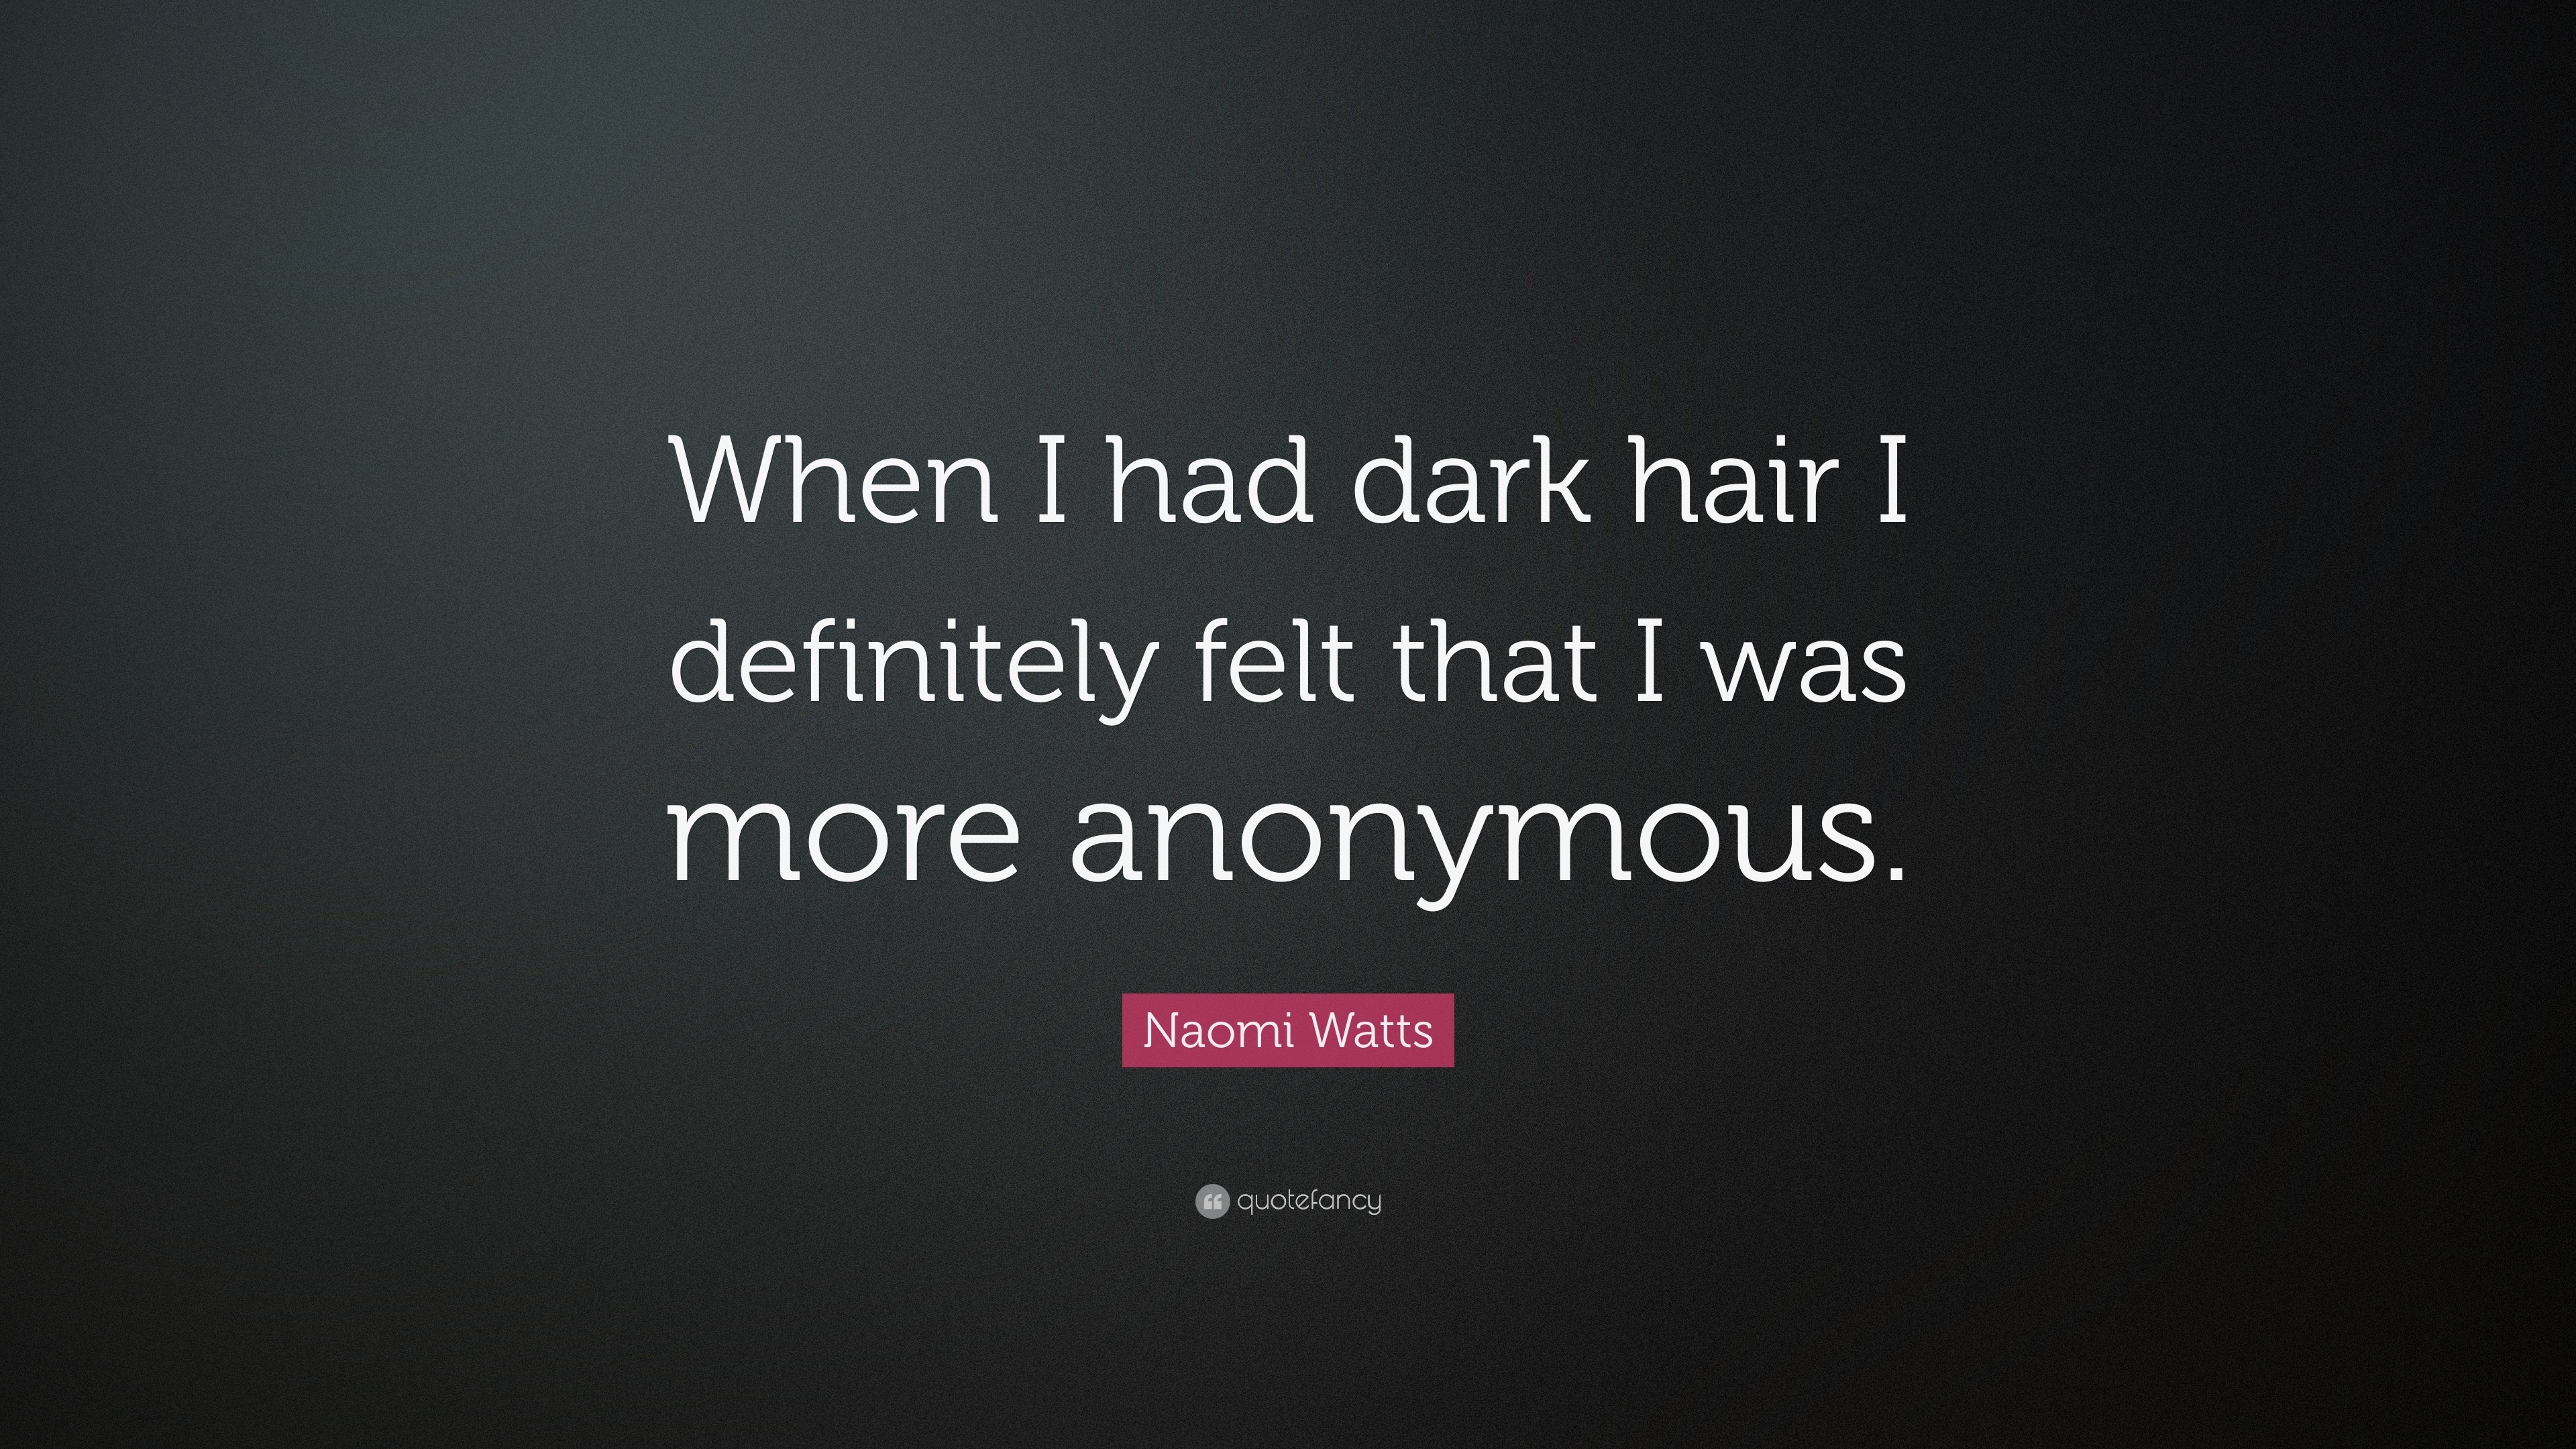 Naomi Watts Quote: “When I had dark hair I definitely felt that I was more  anonymous.”
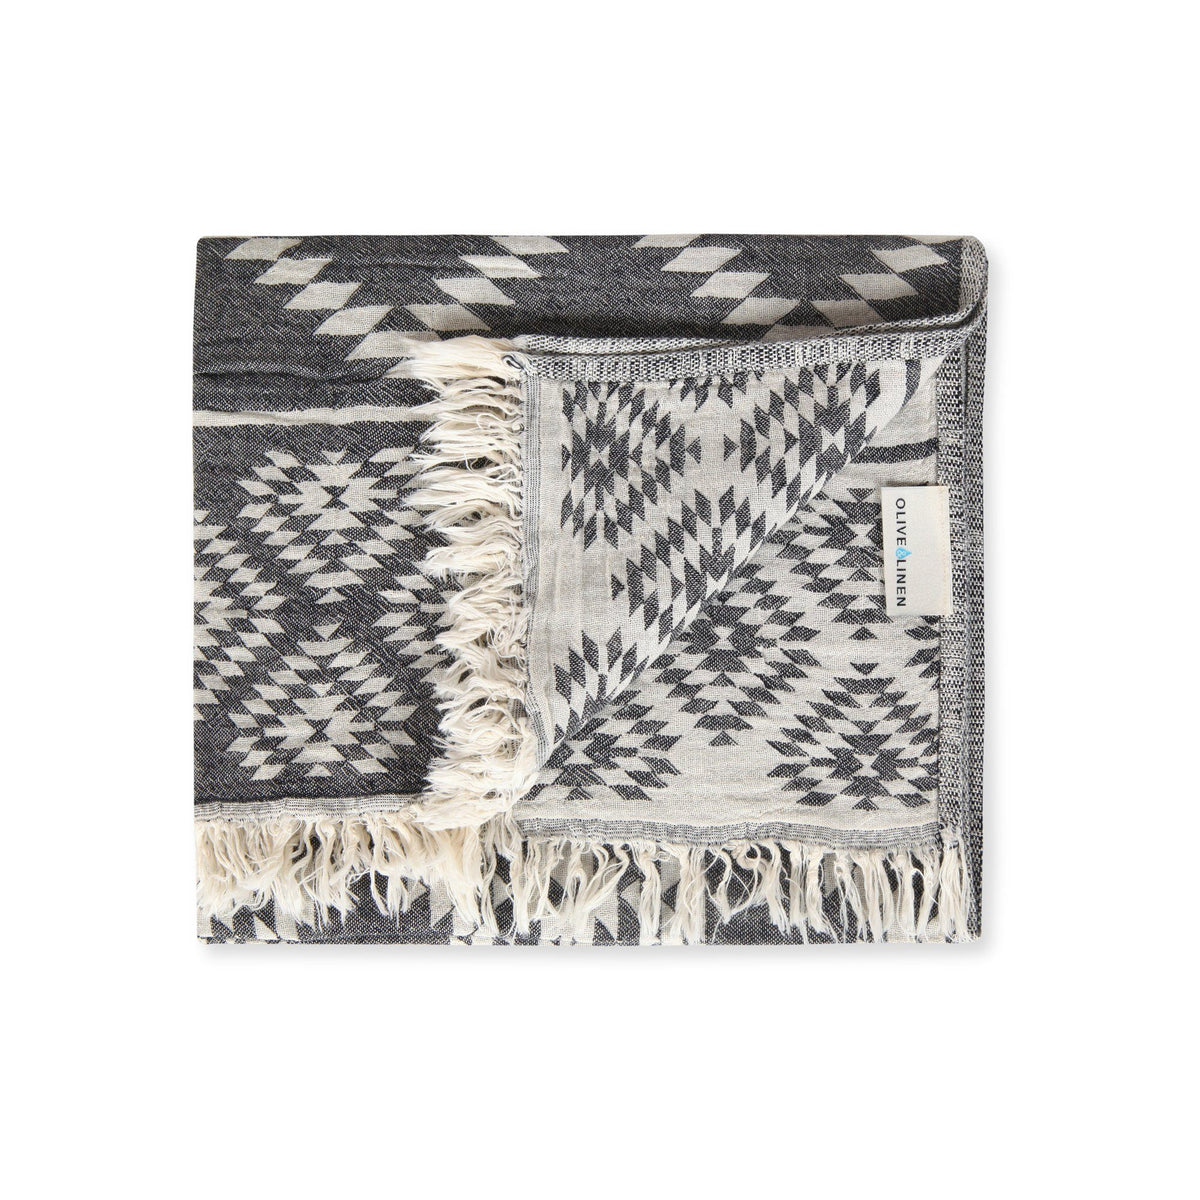 Aztec Turkish Håndklæde / Kast
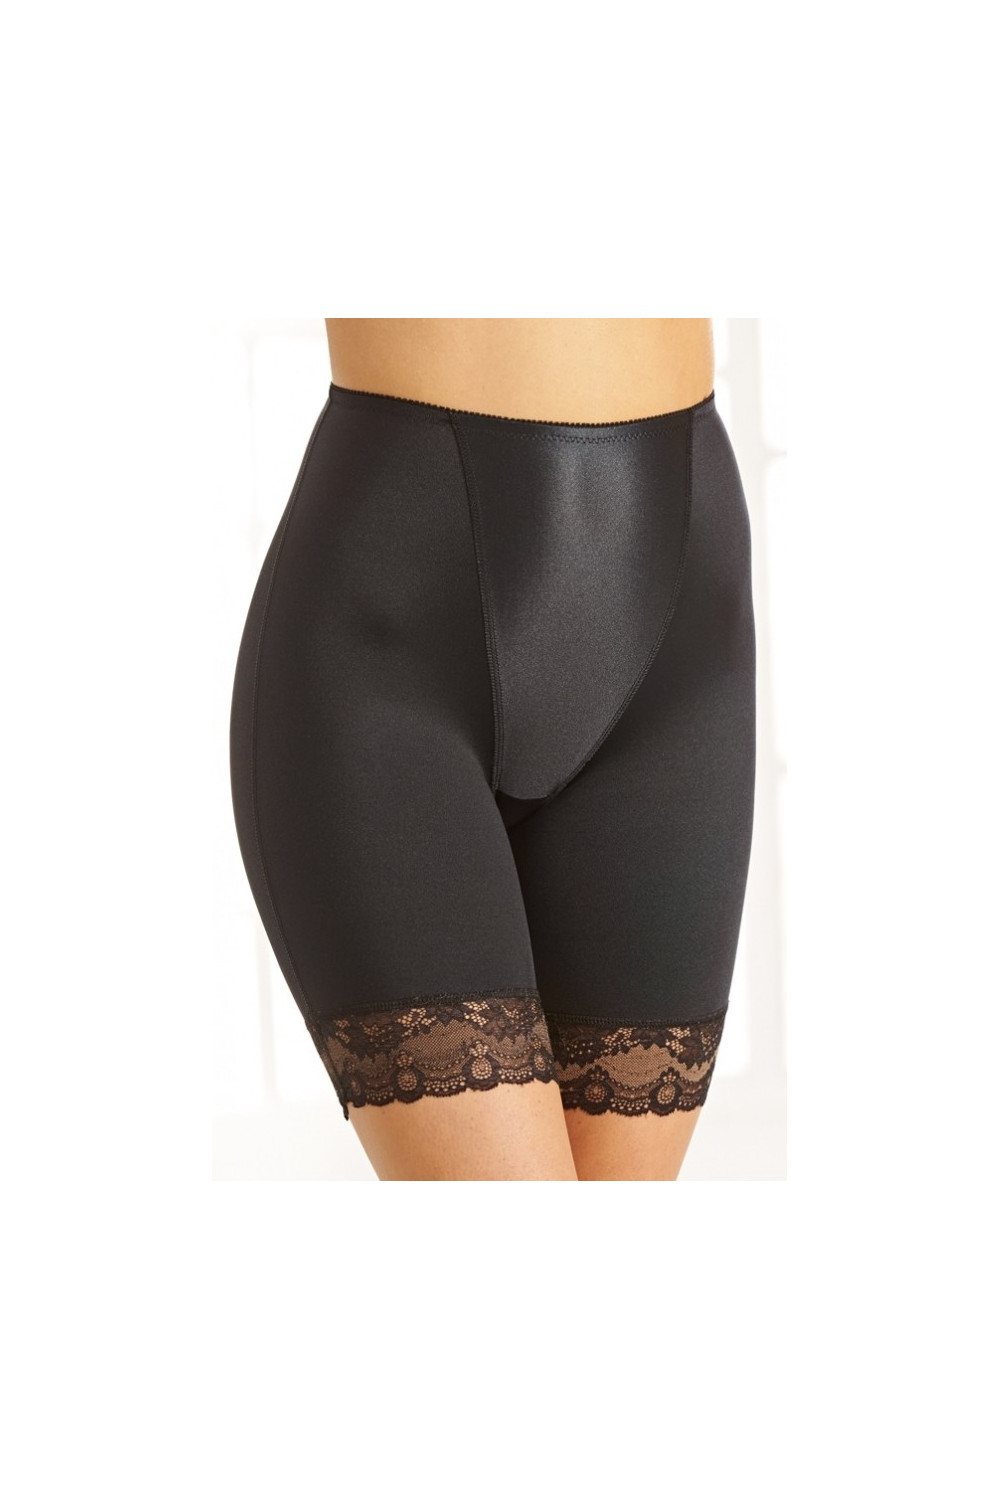 High waist panty girdle made of soft, elastic fabric
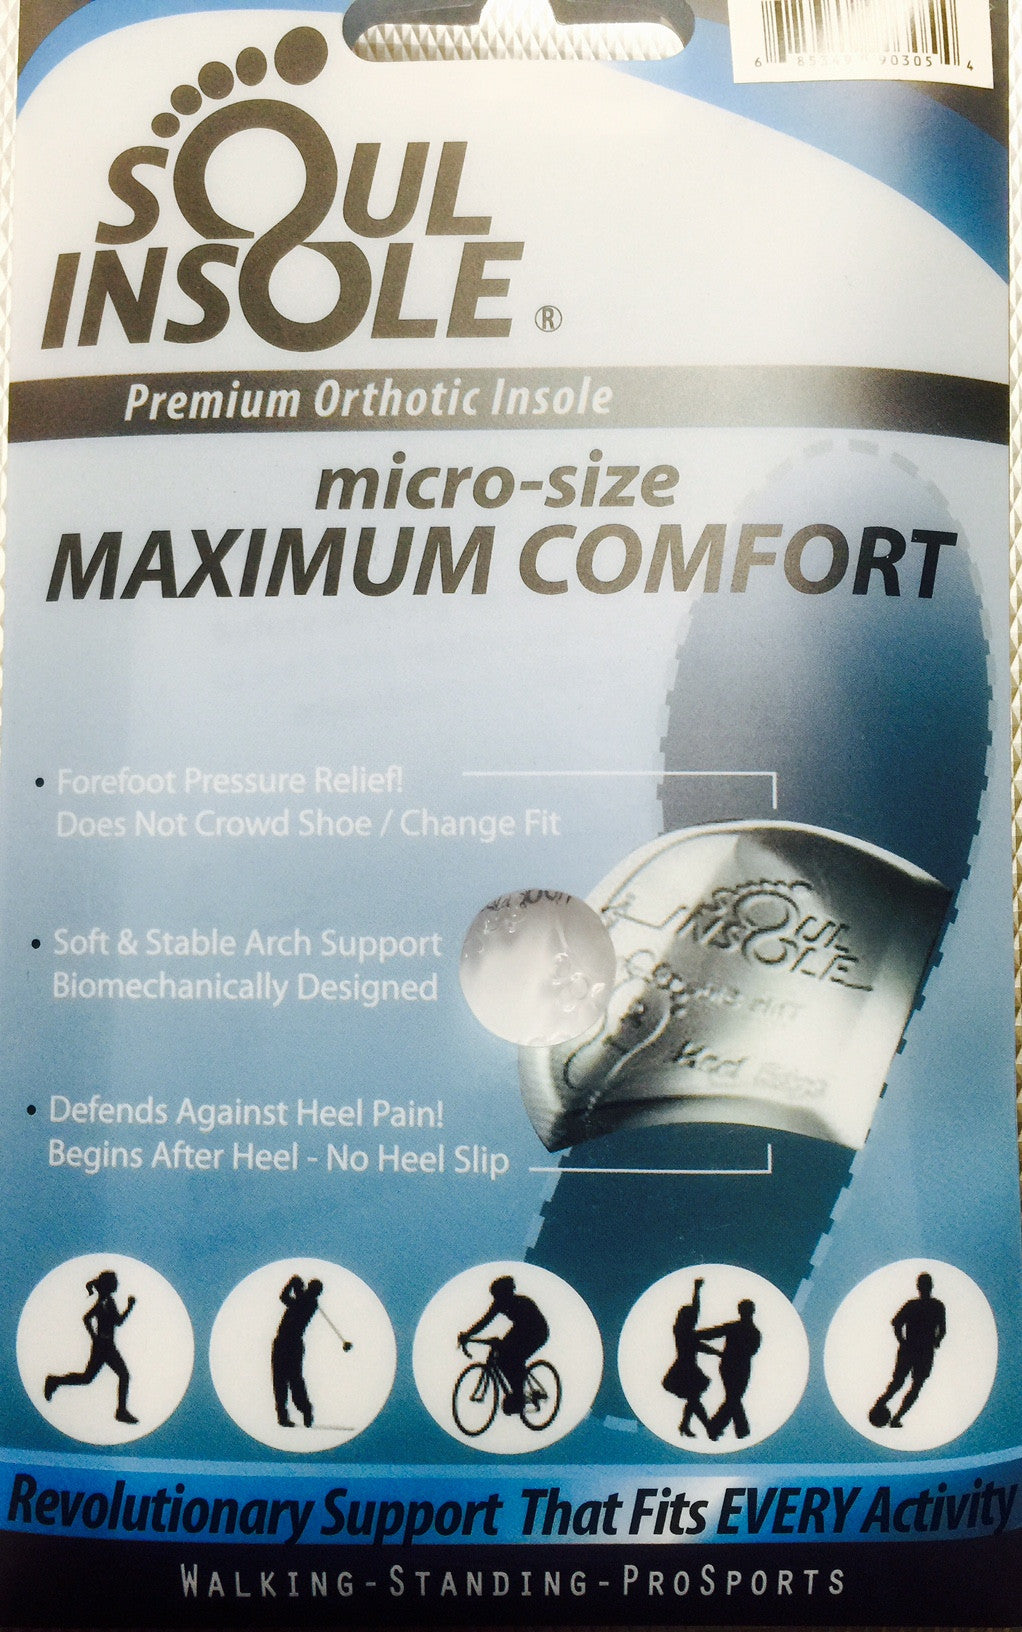 Soul Insole Premium Orthotic Insole Micro-Size Maximum Comfort

================================

Restating the data word for word is the task, and pictures are to be omitted.

- **Exercise response**:
 Naomi Watts Quote: “When I had dark hair I definitely felt that I was more  anonymous.”
 Aztec Turkish Håndklæde / Kast
 High waist panty girdle made of soft, elastic fabric
 Soul Insole Premium Orthotic Insole Micro-Size Maximum Comfort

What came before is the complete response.